Fish ‘holds key to curing paralysis’
THE nervous systems of tropical zebrafish could hold the key to a cure for people with paralysing spinal cord injuries.
Researchers at Edinburgh University say they have uncovered a ‘vital mechanism’ in the spines of the tiny exotic fish that helps nerve connections to regrow.
Zebrafish can regain full movement within four weeks of injury to their spinal cord.
For humans and other mammals, damage to the spinal cord results in irreversible paralysis.
However, a team at Edinburgh’s Centre for Neuroregeneration say that they have pinpointed ‘key molecules’ that prompt a zebrafish’s damaged nerve fibres to regenerate themselves.
They found that wound-healing cells called fibroblasts move into the site of damage. The fibroblasts produce a molecule called collagen 12, which changes the structure of the ‘support matrix’ surrounding nerve fibres, enabling them to grow back across the wound site.
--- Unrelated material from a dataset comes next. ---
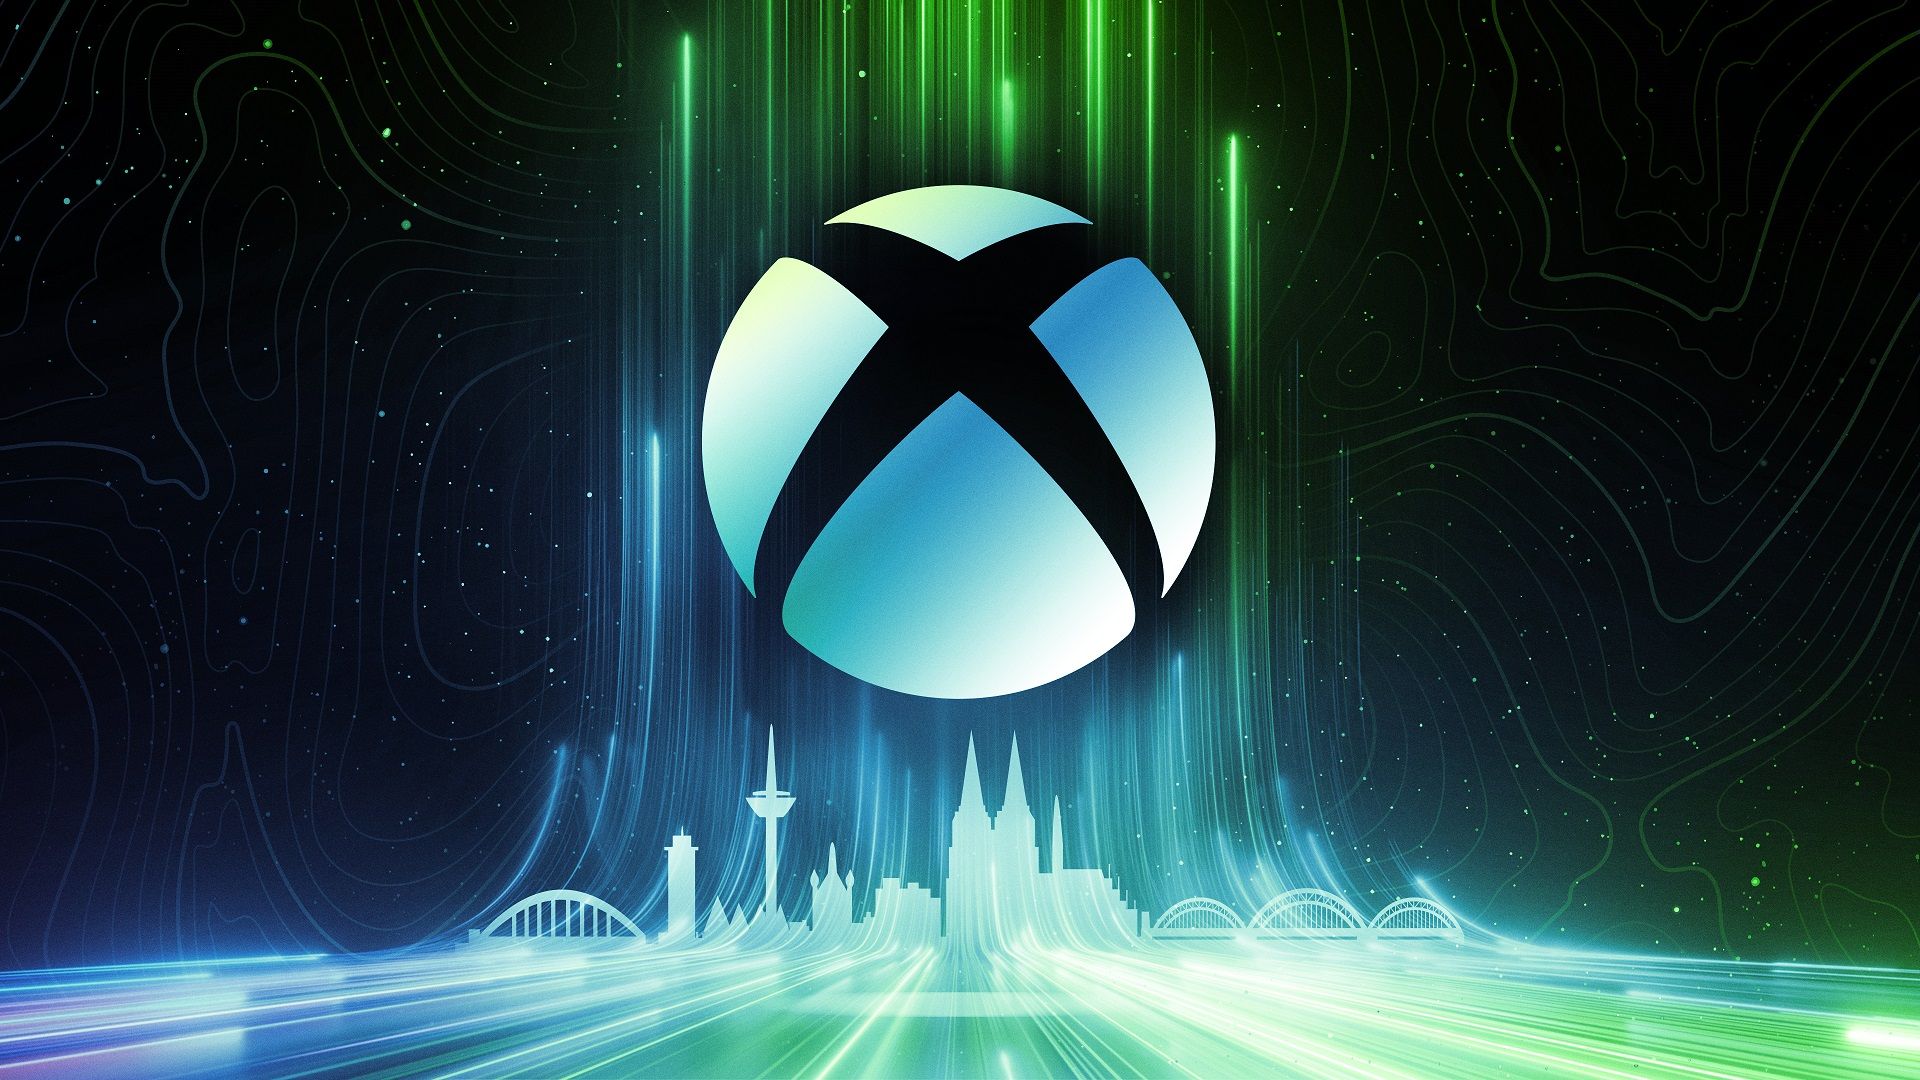 #Hochgelobter First-Party-Titel von Xbox soll bald für die Konkurrenz erscheinen, sagt ein Insider

The study – published in scientific journal Nature Communications – could pave the way for doctors to restore connections between the brain and muscles of the body lost after human spinal cord injury.
Professor Thomas Becker, director of the Centre for Neuroregeneration at Edinburgh, said: ‘In people and other mammals, the matrix in the injury site blocks nerves from growing back after an injury.
‘We have now pinpointed the signals that remove this roadblock in zebrafish.’